Not if you read on and find out why even low-sensitivity data needs monitoring and protection …
As global privacy regulations have become more stringent over the last few years, businesses have had to take the problem of “shadow data” more seriously in order to ensure compliance.
Within the past year, several key jurisdictions like China, Thailand, Indonesia and Sri Lanka have either adopted or are in the process of introducing their inaugural comprehensive privacy laws. In Singapore, the authorities are set to provide advisory guidelines on incorporating personal data into AI systems by the end of 2023, with ongoing efforts to update data protection measures in response to Generative AI tools such as ChatGPT.
The increasingly stringent regulatory environment is prompting organizations to beef up their data discovery and classification protocols in ways that can also provide an easier path for remediating specific data types. Remediation encompasses actions such as deletion, masking, tokenization and data encryption.
Most organizations will focus on discovering and classifying data assets perceived to be sensitive in nature or part of critical services, ignoring data in non-production environments, as well as data perceived to be low value or inconsequential. This is a mistake!

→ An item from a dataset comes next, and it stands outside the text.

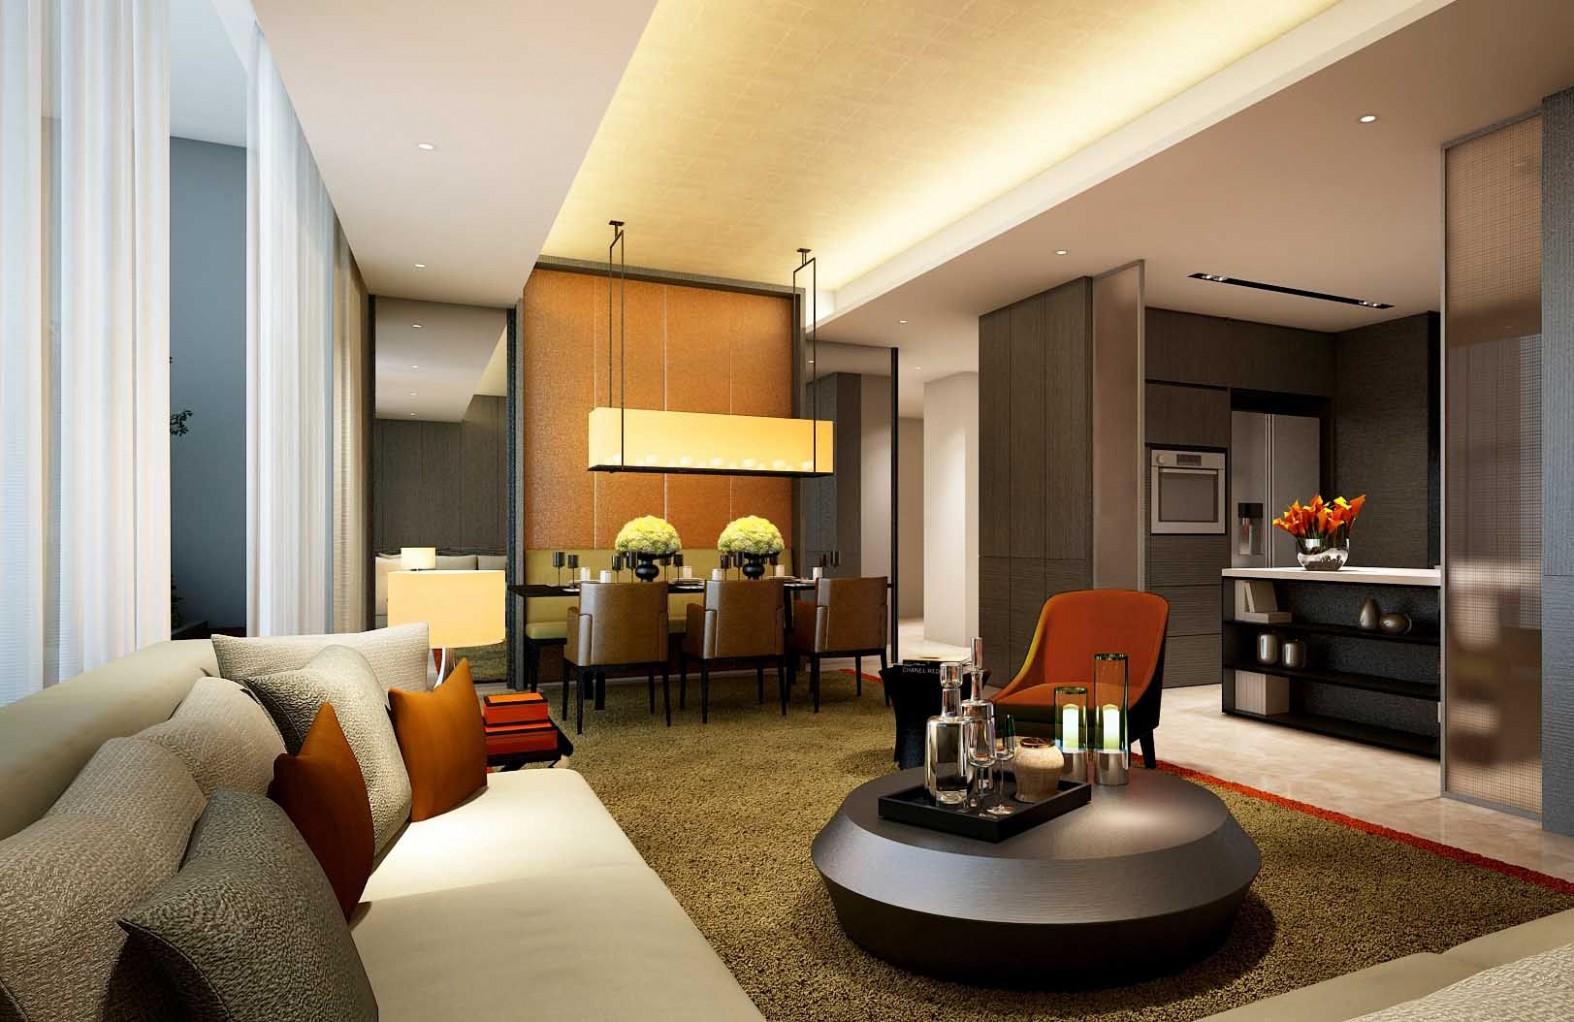 SCDA GCMN Apartments, Jakarta, Indonesia  Apartment design  - Apartment Interior Design Jakarta

What needs protecting? Everything!
In simplistic terms, data can be classified according to three sensitivity levels:
- High sensitivity: Personally identifiable (PI) data that, if compromised and misused, could lead to identity theft and financial fraud; data such as financial records or intellectual property that, if compromised or destroyed in an unauthorized transaction, would have a catastrophic impact
- Medium sensitivity: Data that is intended for internal use only, such as emails or documents, but contains no confidential information, so it would be less than catastrophic if compromised or destroyed
- Low sensitivity: Data intended for public use, such as marketing materials or website content
Many businesses assume that once they have classified data, the next logical step is to put protective measures in place to safeguard their high and medium sensitivity data. Meanwhile, low sensitivity data can be ignored, as it is intended for public use, or the company will not be fined if it gets leaked. Right?
This assumption is dangerous. Think of it like a house. If you classify all the items in your home according to the value you place on them (high, medium and low value), you would remove only some security measures around the low value items. The fact is, if someone can come into your house whenever they like, it does not matter if they take only the unimportant stuff to begin with: you have given them a huge amount of insight into where and how the high value items are stored.
The same holds true for data. While low-risk data environments may not pose any sort of immediate risk, the fact that hackers can move in undetected and make a little home for themselves is a significant threat.
Once inside, cybercriminals can perform reconnaissance, to identify where all high sensitivity data resides, what the security controls look like, and who the database administrators are. The hackers will also have all the time in the world to work out how to exfiltrate data from the environment in future. Once they have all of that information, they can choose their moment to spear-phish the right employee and exfiltrate valuable data.
The bottom line is that: if security controls are only in place for high sensitivity data and data environments, enterprises must be in the right place at the right time if they are going to stop a breach in its tracks. This is because when hackers are ready to exfiltrate sensitive data, they typically do it in one of two ways: either at speed (in hours, days, weeks) and with quick exits, or over a long period of time (sometimes years) where vast amounts of data is drip-fed out of environments that typically have poor security and monitoring controls in place.
Monitoring all data and data access, including low sensitivity data and data environments, is where hackers are undertaking their reconnaissance activities.
Stopping hackers before they strike
Discovery and classification of data has become the cornerstone to understanding the business risk data poses to any organization. It is also central to maintaining compliance worldwide, and to the overcoming of some of the issues around data security.
Yet, it would be a mistake to associate regulatory compliance with only high quality data security. Good data security means that no data is ignored, even if it has been classified as low sensitivity and low risk. The latter environments are where hackers live, watch, learn, and wait for the perfect moment to pounce and steal valuable assets.
For businesses committed to creating robust data security within their environments, the objective should not be merely a reactive intervention but proactive identification before threats are discovered. Achieving this demands equal vigilance in monitoring data of all sensitivity levels.